__Goal of the exercise__
Go through the data and copy every line exactly, but not the images.

__Exercise data__

*** Block opens ***

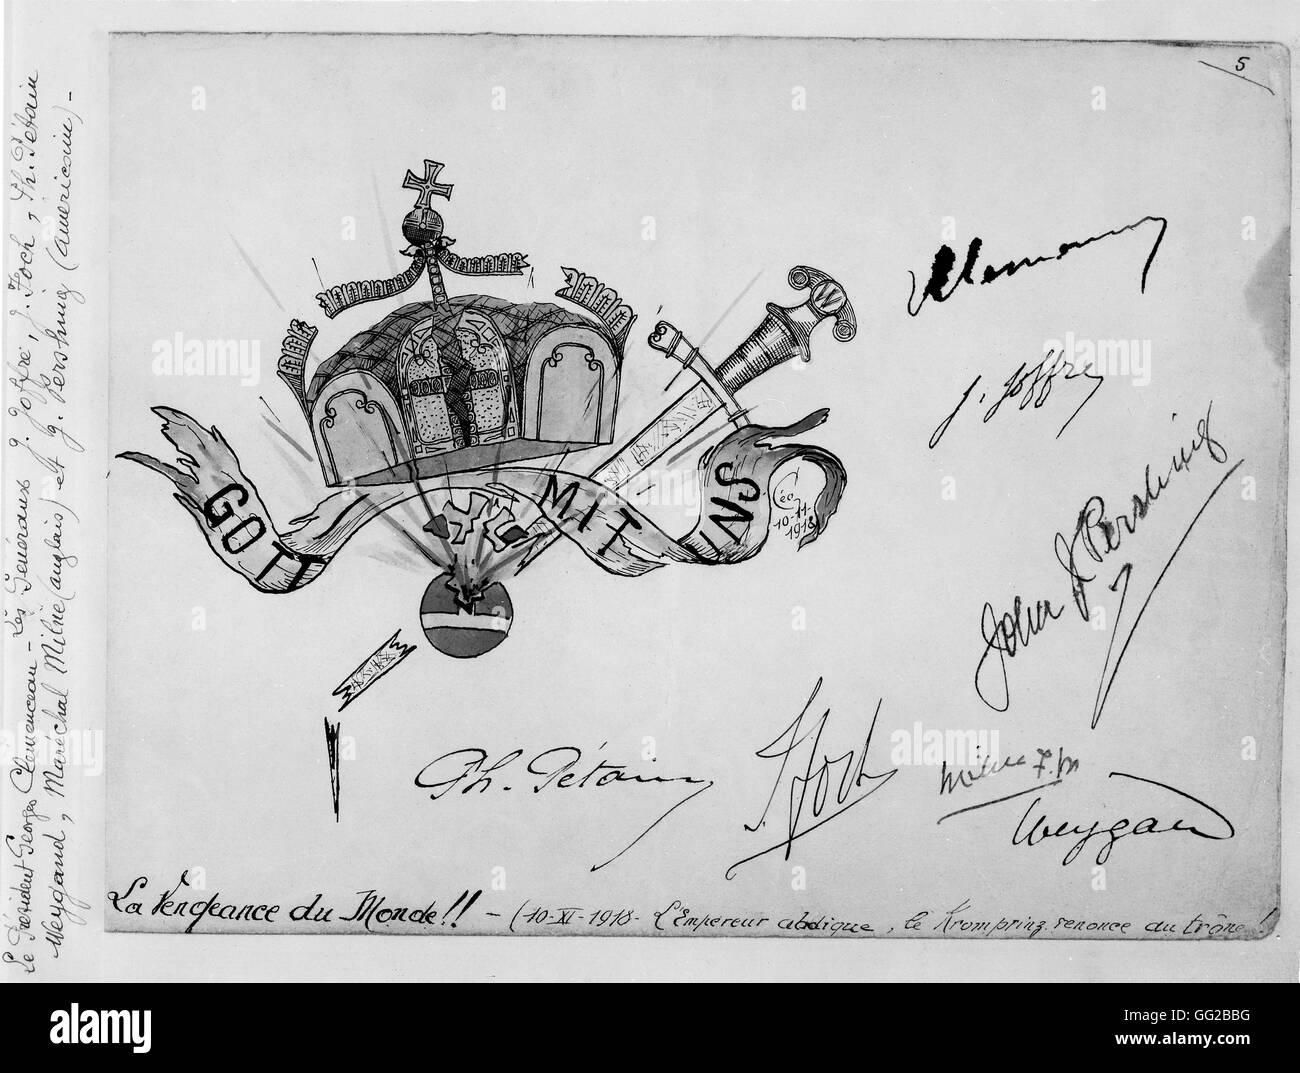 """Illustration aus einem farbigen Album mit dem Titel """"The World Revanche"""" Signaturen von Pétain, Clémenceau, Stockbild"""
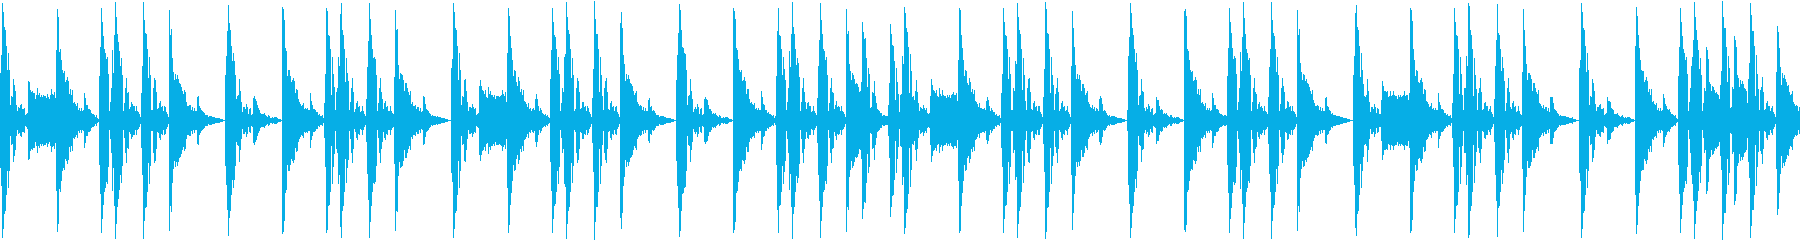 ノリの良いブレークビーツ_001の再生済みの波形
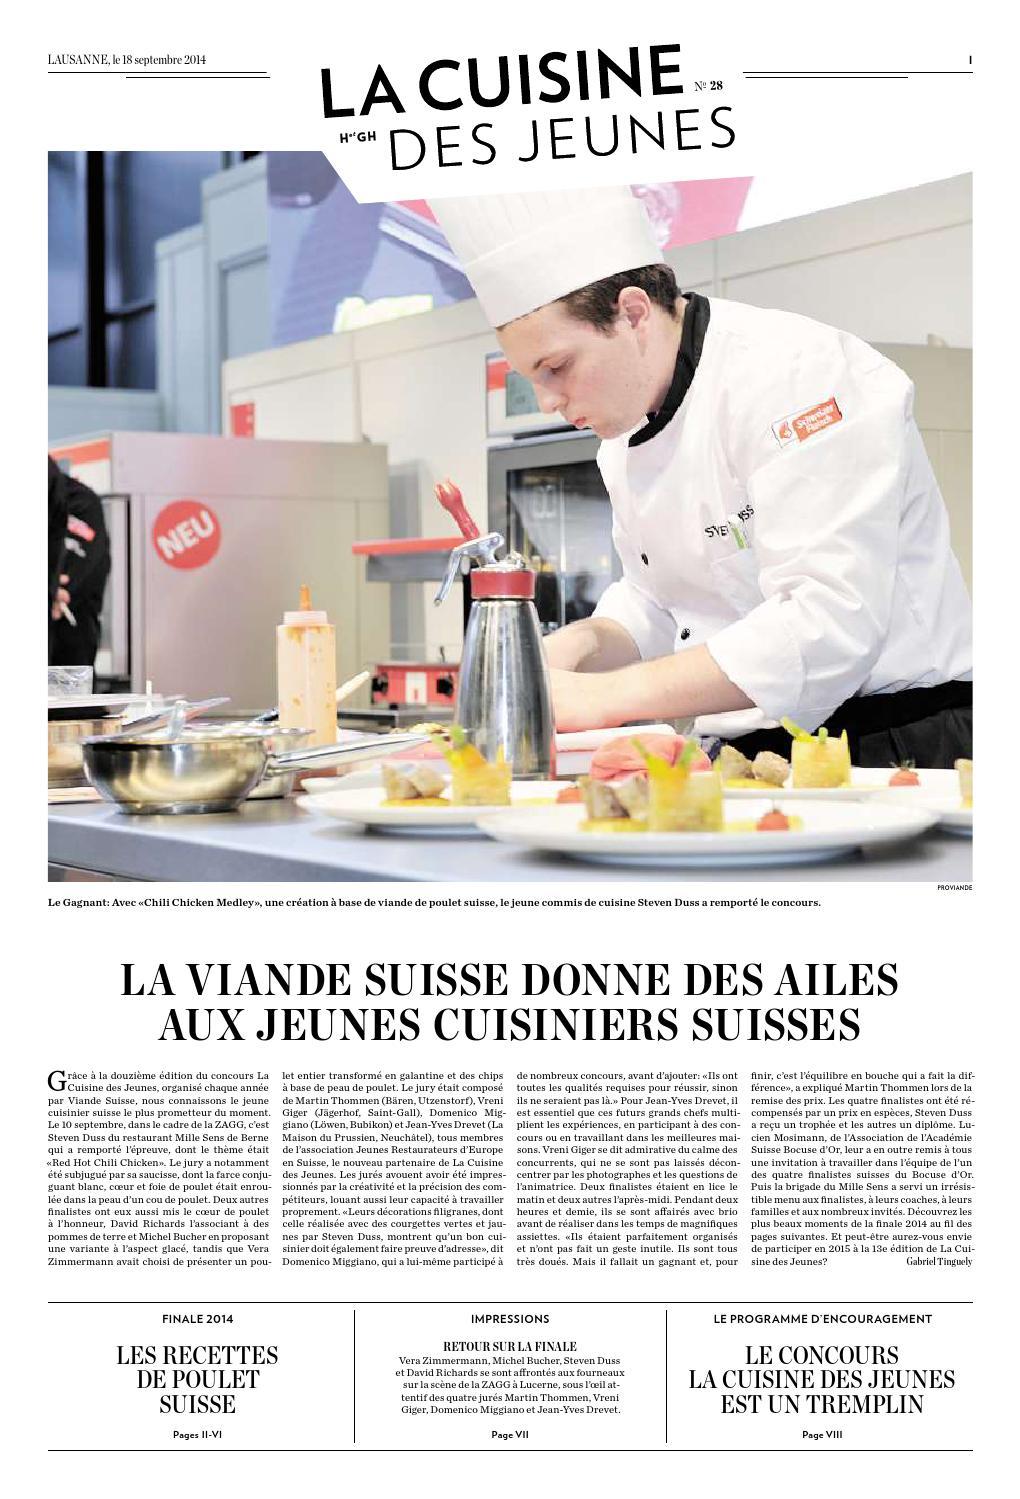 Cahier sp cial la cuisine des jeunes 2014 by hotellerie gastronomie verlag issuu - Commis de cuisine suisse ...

*** Block closes ***

__Answer box__
 """Illustration aus einem farbigen Album mit dem Titel """"The World Revanche"""" Signaturen von Pétain, Clémenceau, Stockbild"""
 ノリの良いブレークビーツ_001の再生済みの波形
 Cahier sp cial la cuisine des jeunes 2014 by hotellerie gastronomie verlag issuu - Commis de cuisine suisse ...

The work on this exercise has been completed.